Automated SLIC-S and FCM produced satisfactory tumor segmentation (DC:∼70-83%;JI:∼55-72%;P:∼64-85%;R:∼73-83%) and showed excellent correlation with ground-truth measurements in estimating ADC (p > 0.05; PCC=0.84-0.89), Tumor-diameters (p > 0.05; PCC=0.90-0.95; bias=0.3-2.41), Max-burden-sliceno (p > 0.05; PCC=0.87-0.96) and Tumor-volumes (p > 0.05; PCC=0.89-0.94; bias=15.19-131.81) at baseline and follow-up.

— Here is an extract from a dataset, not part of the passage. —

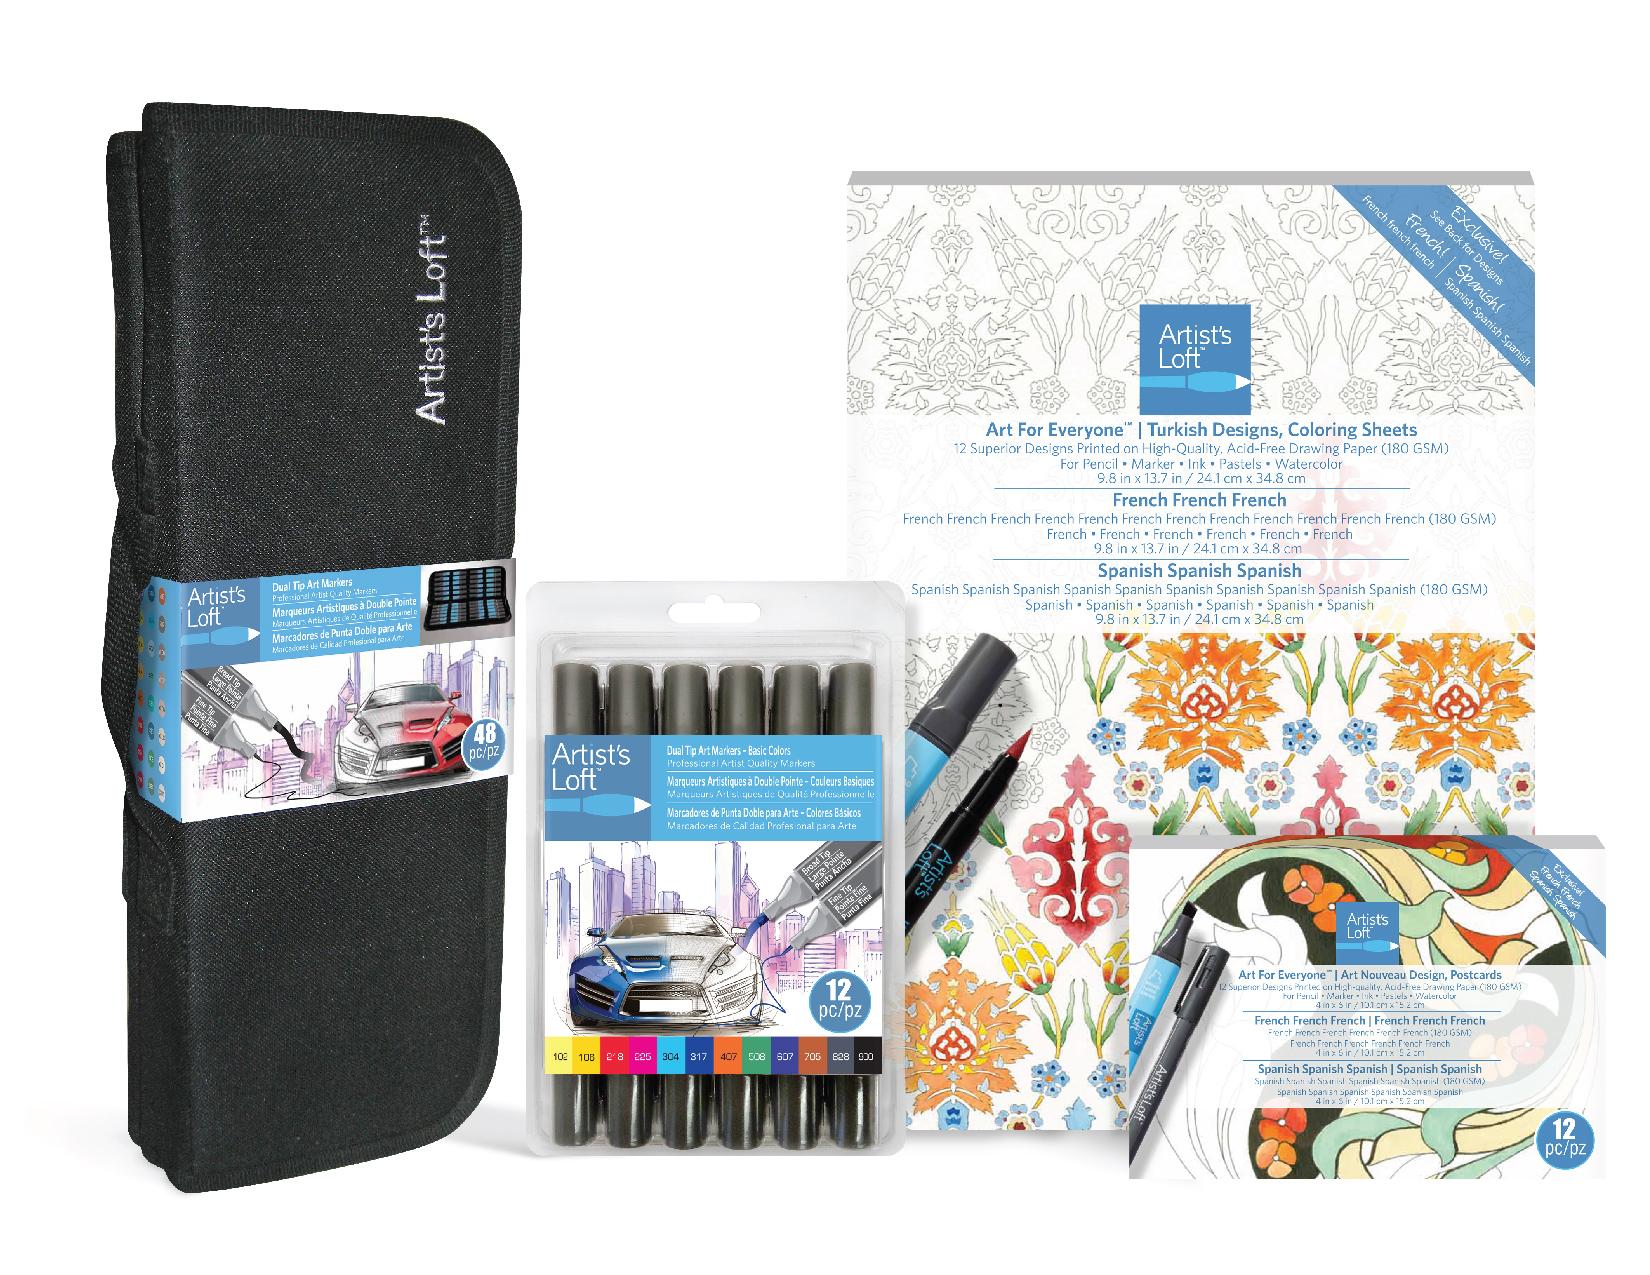 MX14_1405141 - Artist Loft Markers

MER for SLIC-S and FCM were comparable for RECIST1.1 (15-18 %) and Volumetric-response (18-20 %) scores and assessment times were 2-3s and 4-6s per patient respectively.
Proposed method produced promising segmentation and RECIST score measurements in current bone tumor dataset and might be useful as decision-support-tool for response evaluation in other tumors.
在肿瘤治疗计划中,RECIST(实体瘤反应评估标准)测量的准确性和一致性至关重要。手动 RECIST 测量既繁琐又容易出错,且具有操作者主观性。本研究旨在开发一种全自动的肿瘤分割和 RECIST 评分估计系统,以实现合理的准确性、一致性和速度。
使用 1.5T MRI 扫描仪在接受新辅助化疗之前(基线)和之后,对 40 名患有骨肉瘤的患者(N=40;男:女=30:10;年龄=17.7±5.9 岁)进行扩散加权成像(DWI)扫描。分别采用 Simple-linear-iterative-clustering Superpixels(SLIC-S)和 Fuzzy-c-means-clustering(FCM)对 3D 肿瘤体积进行分割。通过连通分量分析来识别具有最大肿瘤负荷的图像切片(最大负荷切片号 Max-burden-sliceno)并测量肿瘤大小(肿瘤直径 cm 和肿瘤体积 cc)。使用 RECIST1.1 和容积反应标准对各时间点的肿瘤大小进行相对百分比变化评分。通过 Dice 系数(DC)、Jaccard 指数(JI)、精度(P)和召回率(R)来评估分割准确性。比较分割肿瘤掩模和真实肿瘤掩模的表观扩散系数(ADC)、肿瘤直径、最大负荷切片号和肿瘤体积,采用配对 t 检验(p<0.05)、皮尔逊相关系数(PCC)和 Bland-Altman 图进行评估。评估自动 RECIST1.1 和容积反应评分方法的错误分类误差率(MER)。
自动 SLIC-S 和 FCM 产生了令人满意的肿瘤分割(DC:70-83%;JI:55-72%;P:64-85%;R:73-83%),并在估计 ADC(p>0.05;PCC=0.84-0.89)、肿瘤直径(p>0.05;PCC=0.90-0.95;偏差=0.3-2.41)、最大负荷切片号(p>0.05;PCC=0.87-0.96)和肿瘤体积(p>0.05;PCC=0.89-0.94;偏差=15.19-131.81)时,与真实测量值具有极好的相关性。SLIC-S 和 FCM 的 MER 对于 RECIST1.1(15-18%)和容积反应(18-20%)评分是可比的,评估时间分别为每个患者 2-3 秒和 4-6 秒。
在当前骨肿瘤数据集的研究中,该方法产生了有前途的分割和 RECIST 评分测量结果,并且可能成为其他肿瘤反应评估的决策支持工具。